## What to produce
When the line with "Queen Elizabeth II" turns up below, begin repeating exactly, and carry on through the line with "Championship Favorites Start"; no pictures go into the copy.

## Data to use
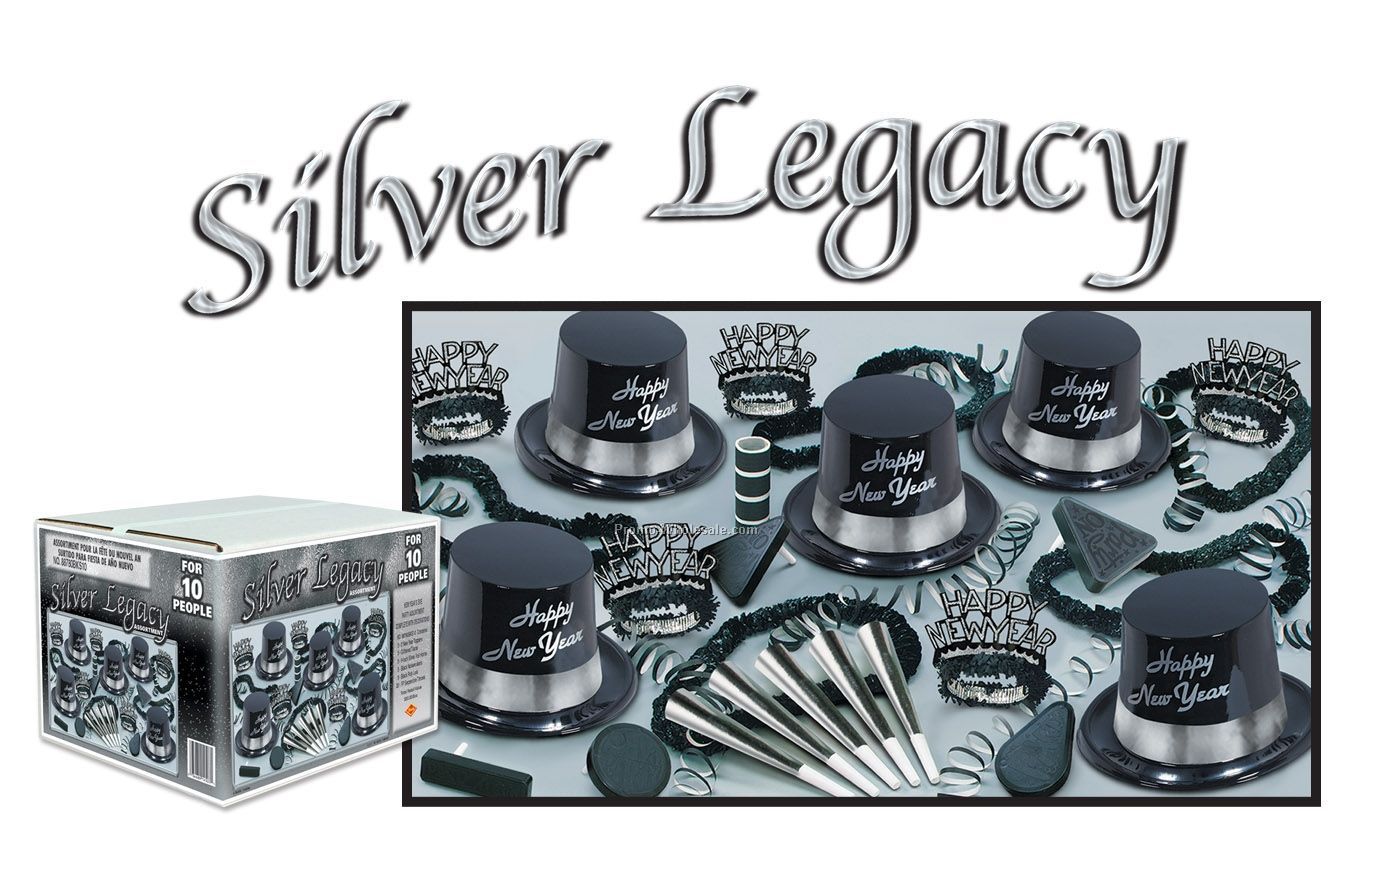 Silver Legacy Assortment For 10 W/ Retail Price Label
* * *
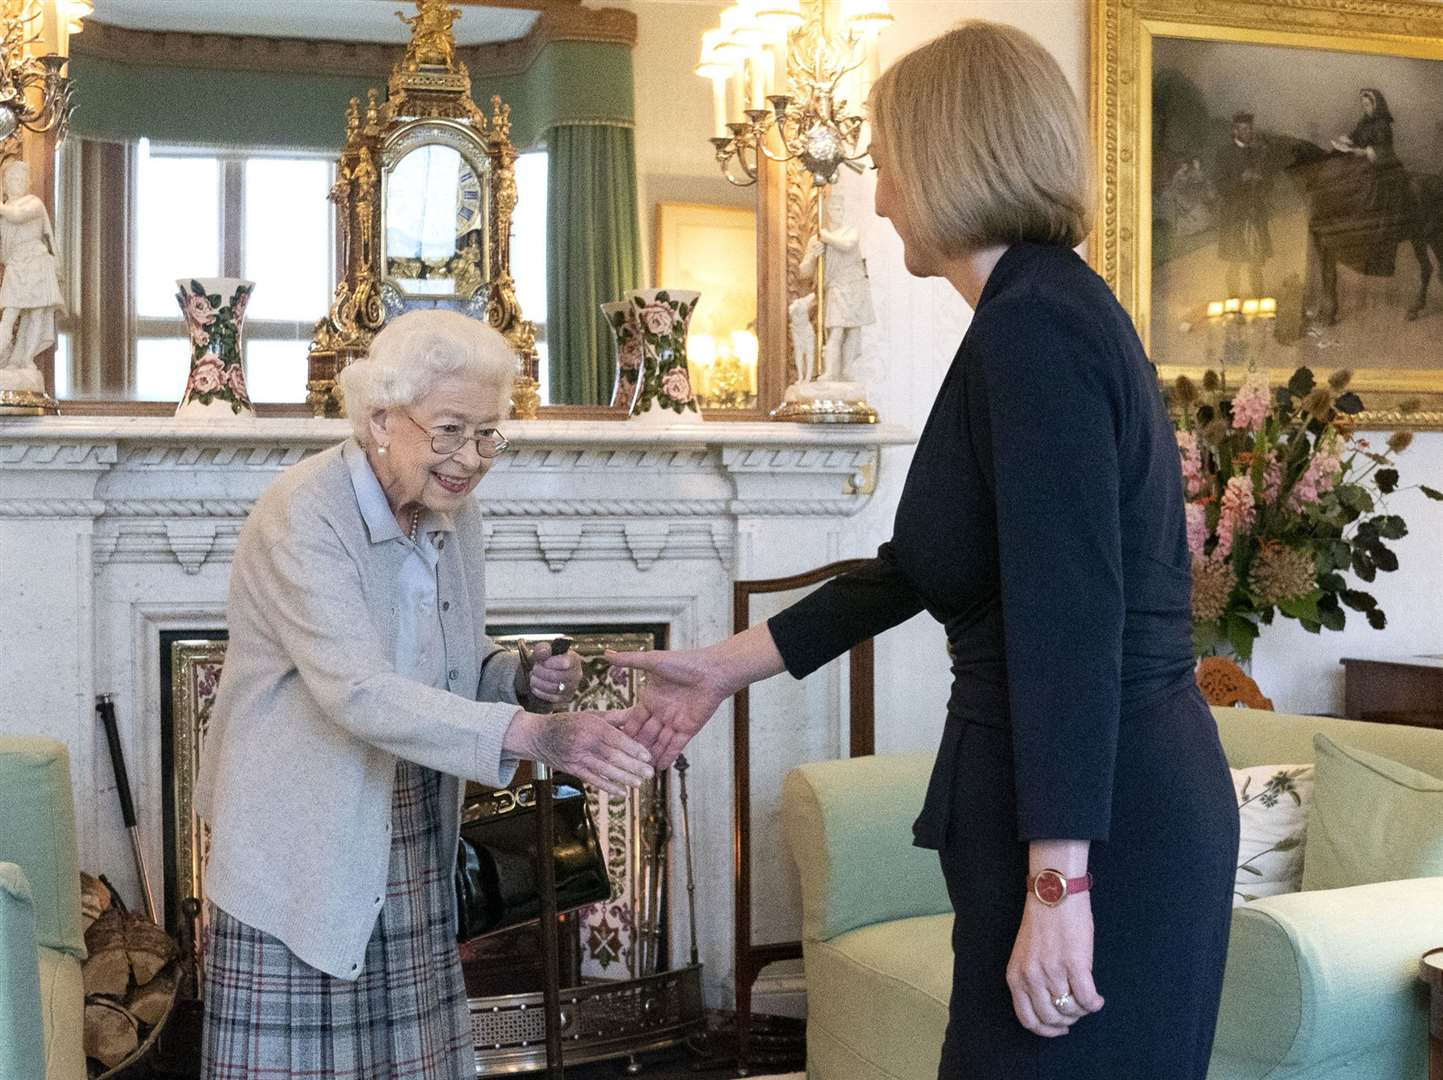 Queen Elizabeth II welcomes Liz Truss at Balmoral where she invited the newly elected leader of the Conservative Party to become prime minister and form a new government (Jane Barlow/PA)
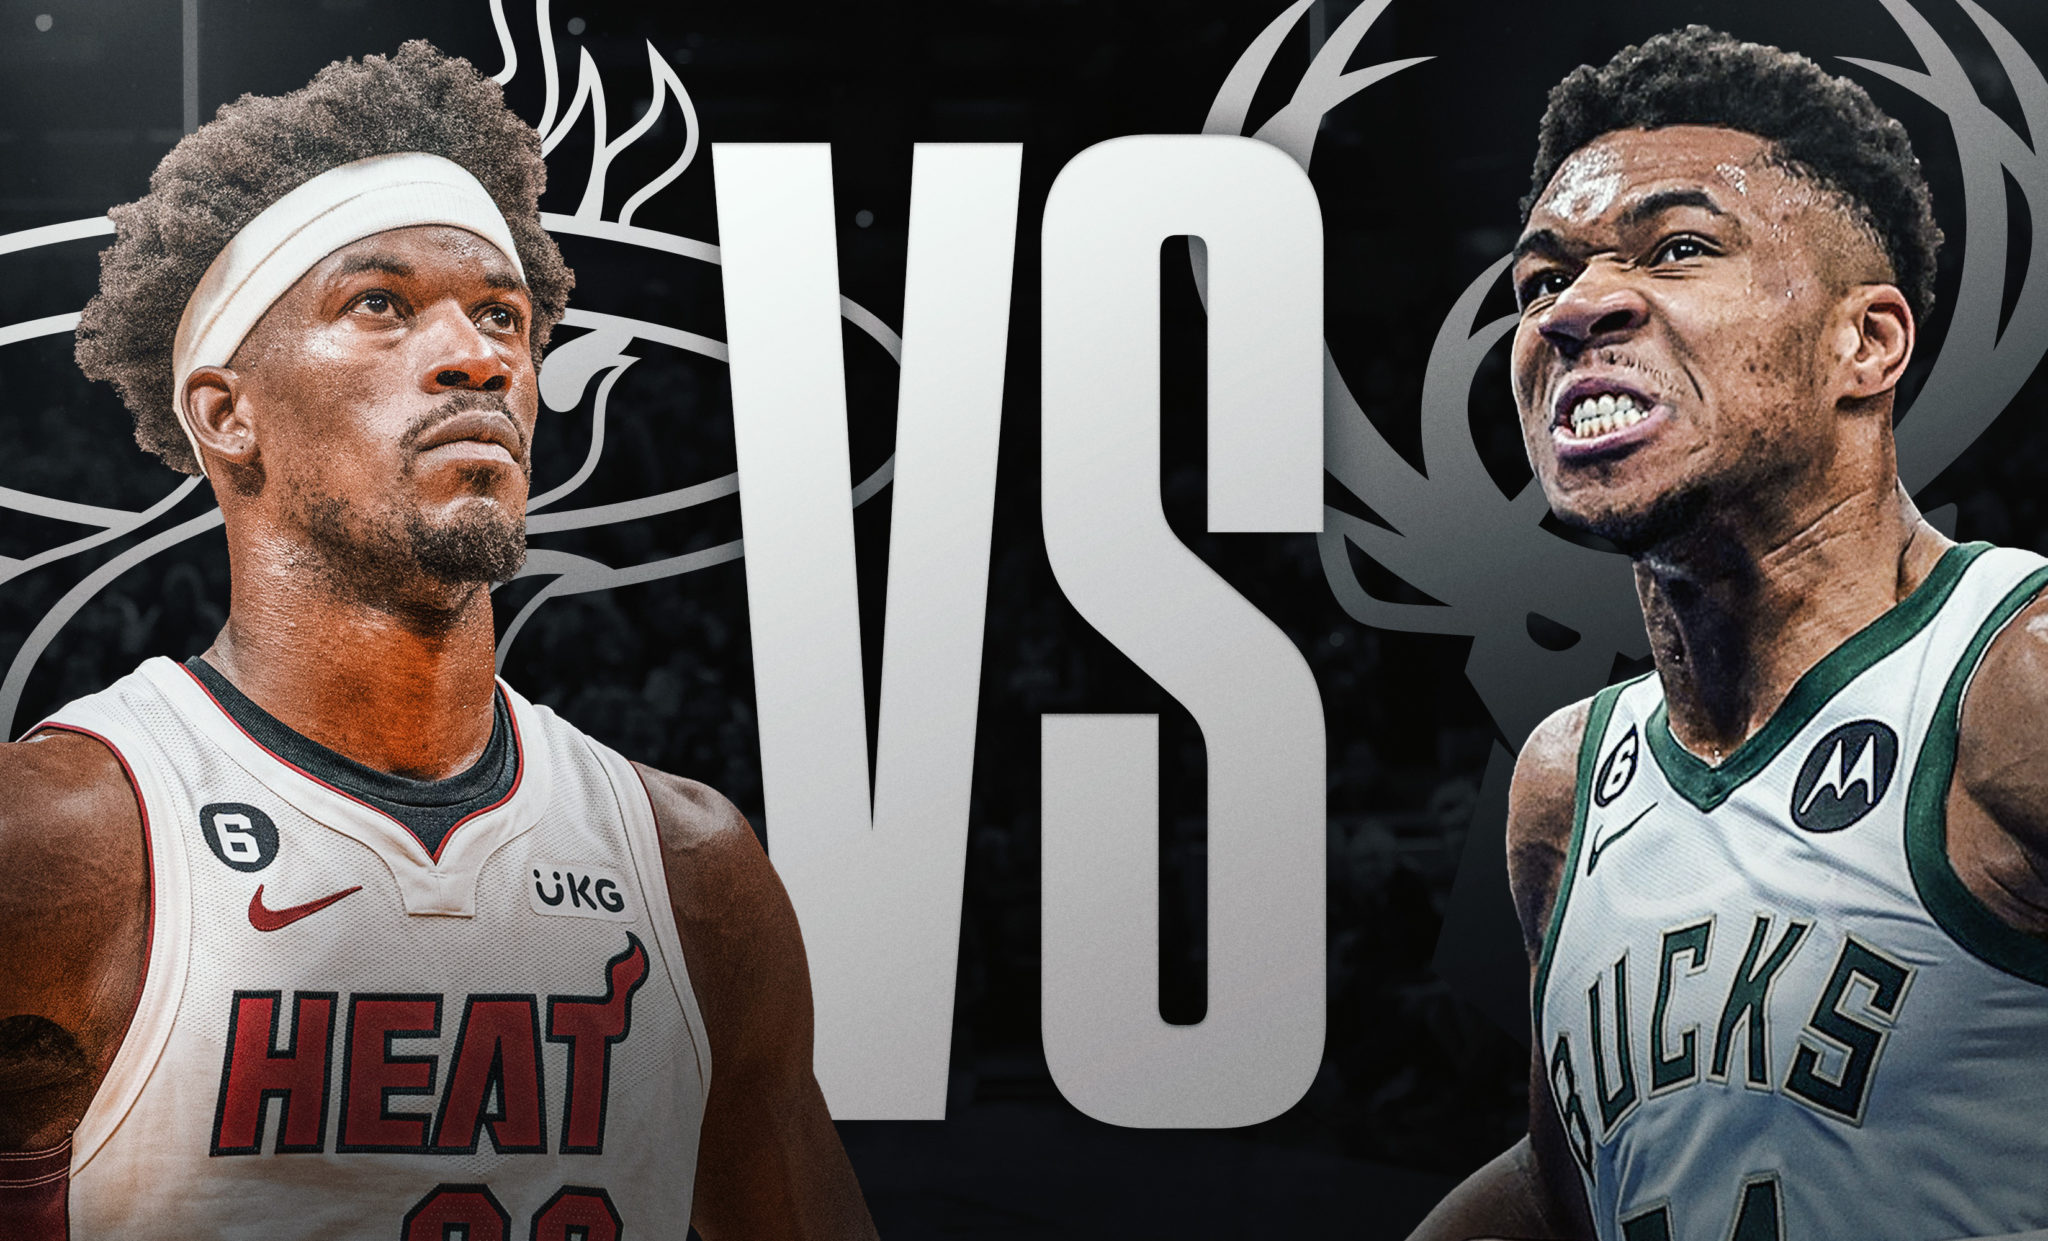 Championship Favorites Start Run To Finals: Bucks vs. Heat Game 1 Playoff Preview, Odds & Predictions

## Written solution
 Queen Elizabeth II welcomes Liz Truss at Balmoral where she invited the newly elected leader of the Conservative Party to become prime minister and form a new government (Jane Barlow/PA)
 Championship Favorites Start Run To Finals: Bucks vs. Heat Game 1 Playoff Preview, Odds & Predictions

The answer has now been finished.